[sugar] Sugar and the commandline

Axel Liljencrantz liljencrantz
Sun Aug 27 20:31:40 EDT 2006


Hi,

I am sorry if this has already been discussed elsewhere, but I could
find no mention of this on the list. If I have missed something,
please feel free to redirect me to where this has been handled
previously.

I was wondering if anyone had thought about whether sugar should
provide any form of commandline. I realise this is a kid's computer,
not a Unix hacker's computer, however:

* Many kids are really smart, they'll want a system that grows with
them. A shell makes the computer much more 'tinker friendly'.
* I assume that like pretty much every other unix system, the OLPC
will have various bootscrits and other system files that use
shellscript. Kids are curious. They will find these scripts. It makes
sense that they should be provided with a way to figure out how they
work and write their own.
* What is the point of making Sugar open source if the users aren't
given the chance to poke at the internals themselves?
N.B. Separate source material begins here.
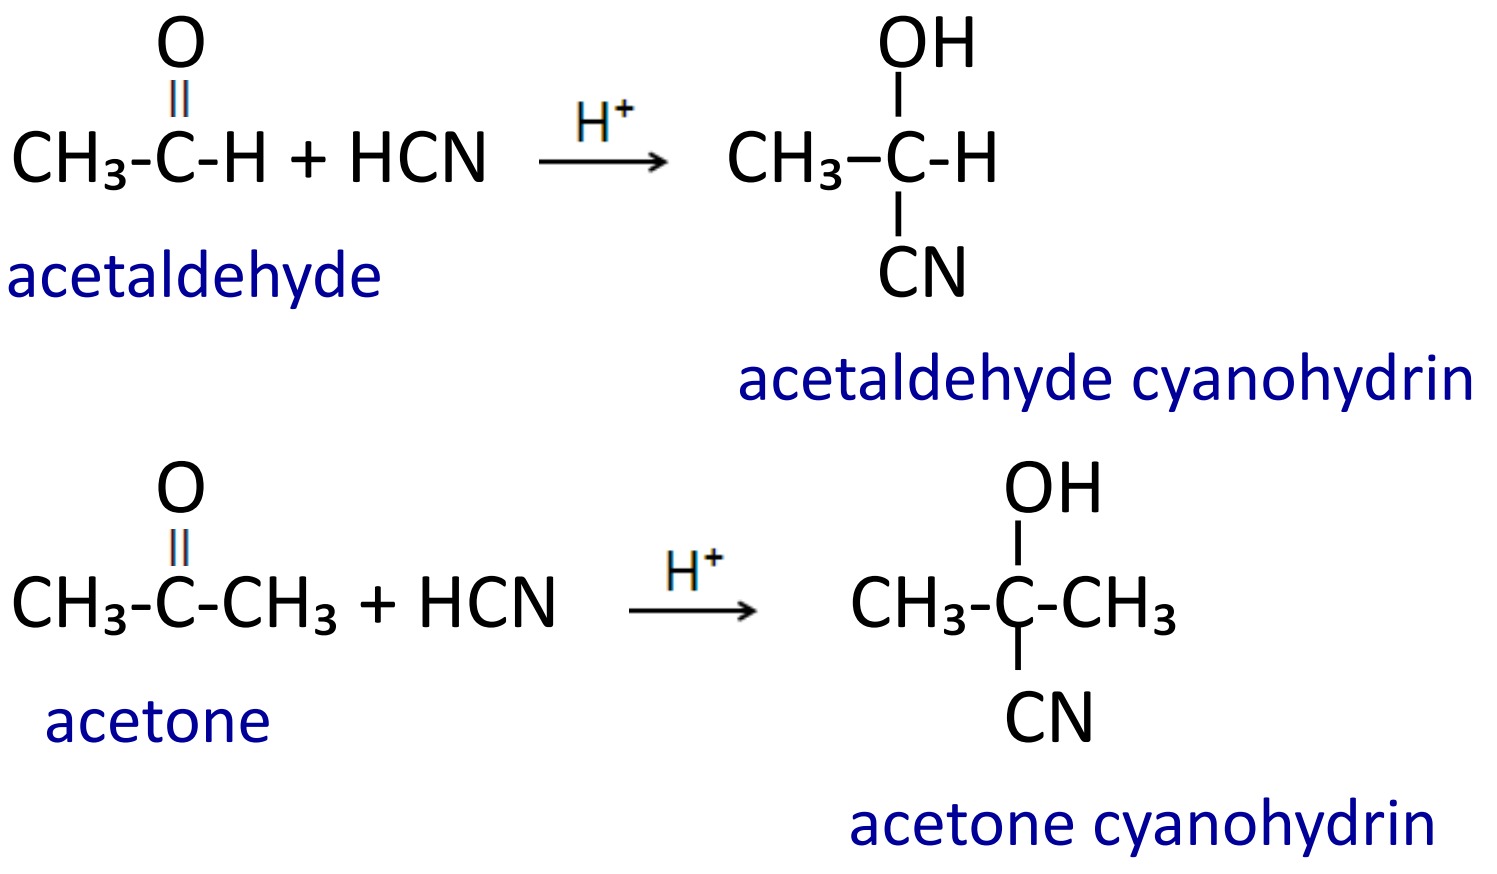 Addition of hydrogen cyanide (HCN)

A shell gives
the user an excellent 'behind the scenes' view of a system.

Also, if a commandline _is_ included, I have a weird suggestion: As a
shell, use fish. Fish is a GPL:ed non-Posix shell that I am the main
author of. More info about fish is available at
http://roo.no-ip.org/fish. It's in Fedora extras, so fedora users can
get it using 'yum install fish'.

Some arguments for its use:

* The fact that fish is not Posix-compatible is not a big problem
since none of the kids will be very likely to already be familiar with
bash.

* Fish has a significantly reduced syntax when compared to other
shells. There are fewer builtins, fewer types of quotes, and a much
more uniform syntax. This should make it significantly easier to learn
how to use.

* Fish features syntax highlighting. Commands, wildcards, quoted
strings, IO redirections and various other parts of the command can be
configured to be shown in different colors. Kids like happy colorful
things, and colors even help them learn. This is true for adults as
well. :-)

* Fish tries to be verbose and user friendly in it's error messages.
Often, there are suggestions on how to proceed in the error messages.
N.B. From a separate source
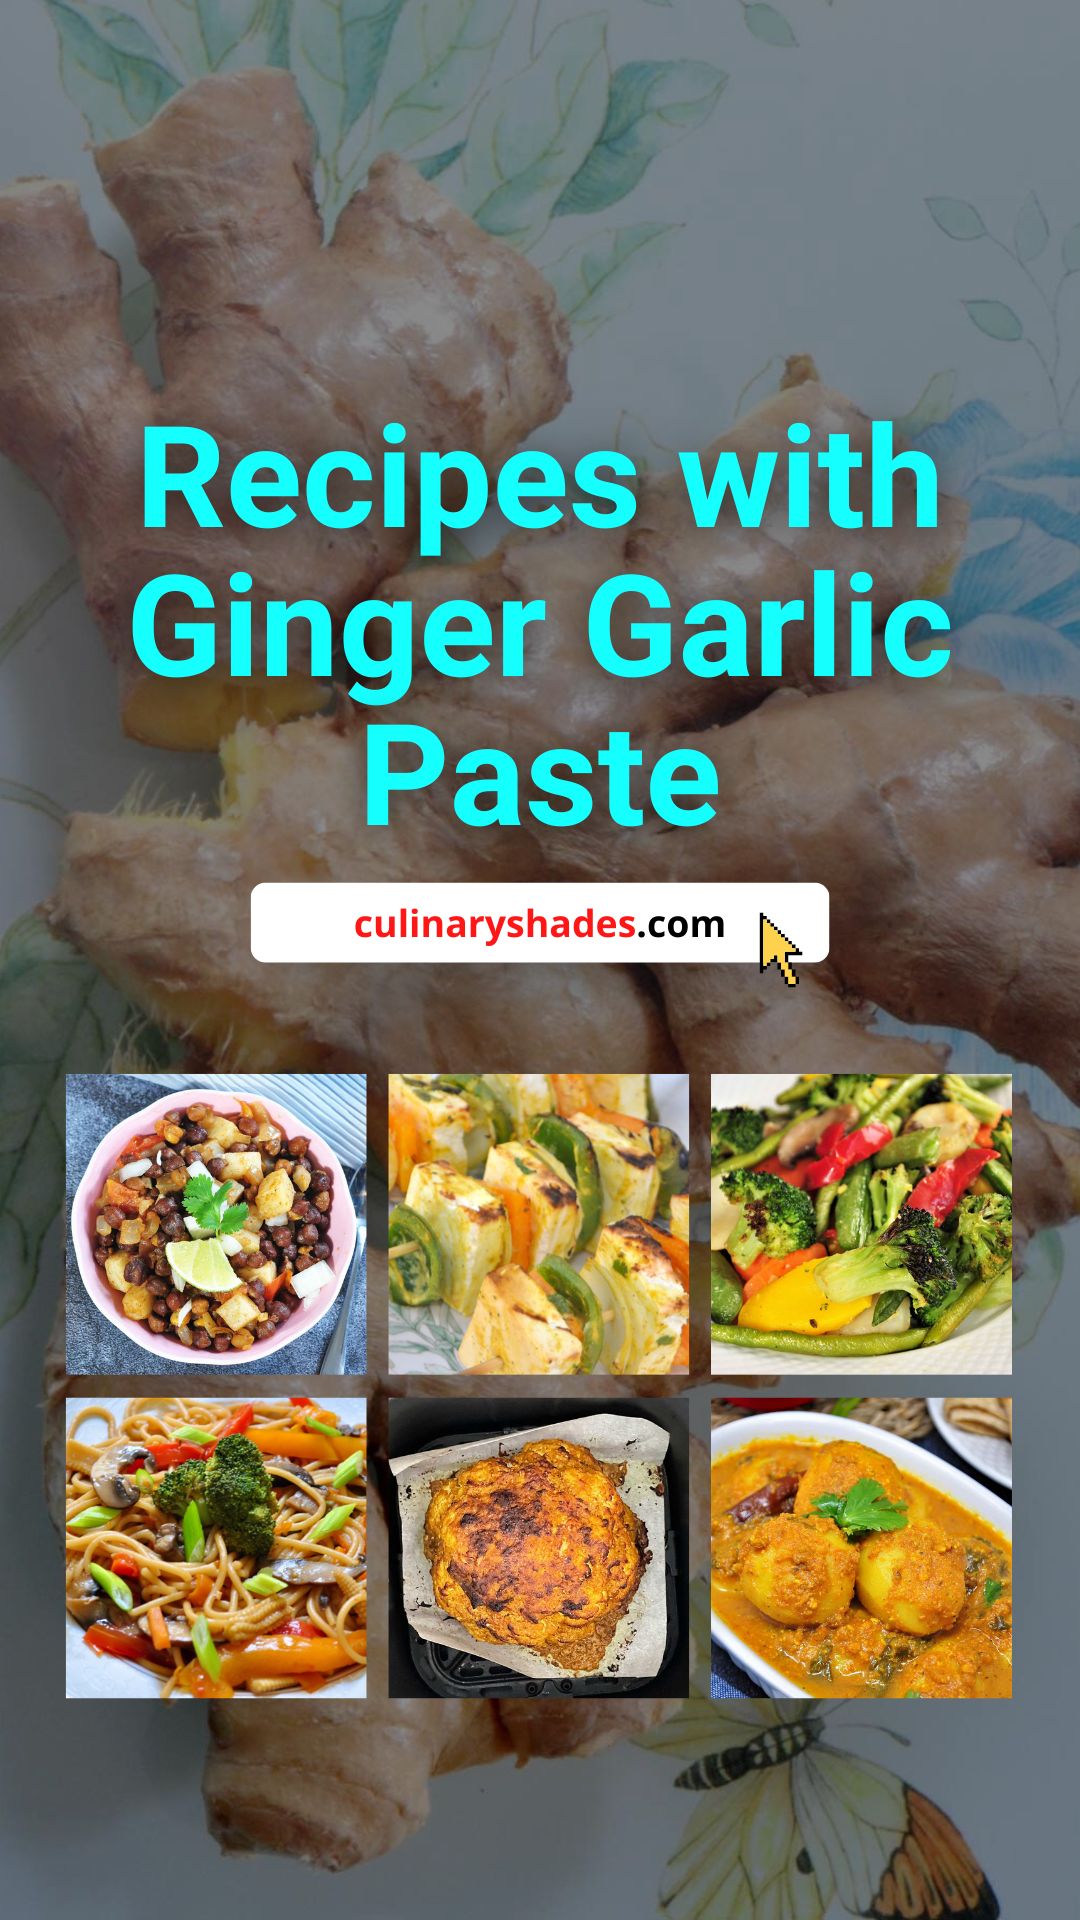 Ginger garlic paste recipes pin.

* Fish provides fixes for a great many  beginner problems in other
shells. For example, one can create variables whose value is shared
between all running shells and automatically saved/restored across
reboots. This is a very convenient way to change configuration
options. Fish is also integrated with the X clipboard, so ^K, ^Y and
friends will use the X clipboard. Variables are not tokenized on
spaces so there is no need to enclose every single variable expansion
with quotes. Arrays are easy to use, including simple and convenient
array slicing operations.

* Fish has very advanced tab completion support. This includes
completion of switches to commands, and a huge number of command
specific completions. Also, almost all completions have descriptions.
For example, if you type 'man who' you will be greeted with a list of
all manual pages beginning with 'who' and a short description of what
each of them contains, taken from the whatis database.

* The fish binary is small, less than half the size of bash on a Fedora system.
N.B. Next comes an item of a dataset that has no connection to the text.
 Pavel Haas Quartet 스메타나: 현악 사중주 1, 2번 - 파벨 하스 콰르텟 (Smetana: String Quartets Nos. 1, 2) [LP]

* Fish internally uses only wide character strings, meaning it's
memory usage is potentially large. This can be fixed relatively easy,
since fish dynamically loads most of the things that use significant
amounts of memory, namely functions and command specific completions.
By implementing an automatic unloader that makes sure that e.g. only
ten completions and ten functions are loaded at any given time, memory
usage can be kept low.

* Fish is well suited for a system with no disk. For example fish does
not use an in-memory list of existing commands. Since permanent
storage is very fast on disk less systems, such a list will only take
up a lot of memory with no noticeable performance increase.

I realise that I, as the main fish author, am not a pillar of
objectivity, but in my eyes, fish seems to be pretty suitable for the
OLPC. The main problem I see with using fish as the shell on
OLPC/sugar systems is that fish is only available in English, German,
French and Swedish. L10n needed. And since fish tries to be verbose,
and since fish has description strings for switches of a huge number
of commands, the number of strings to translate is huge.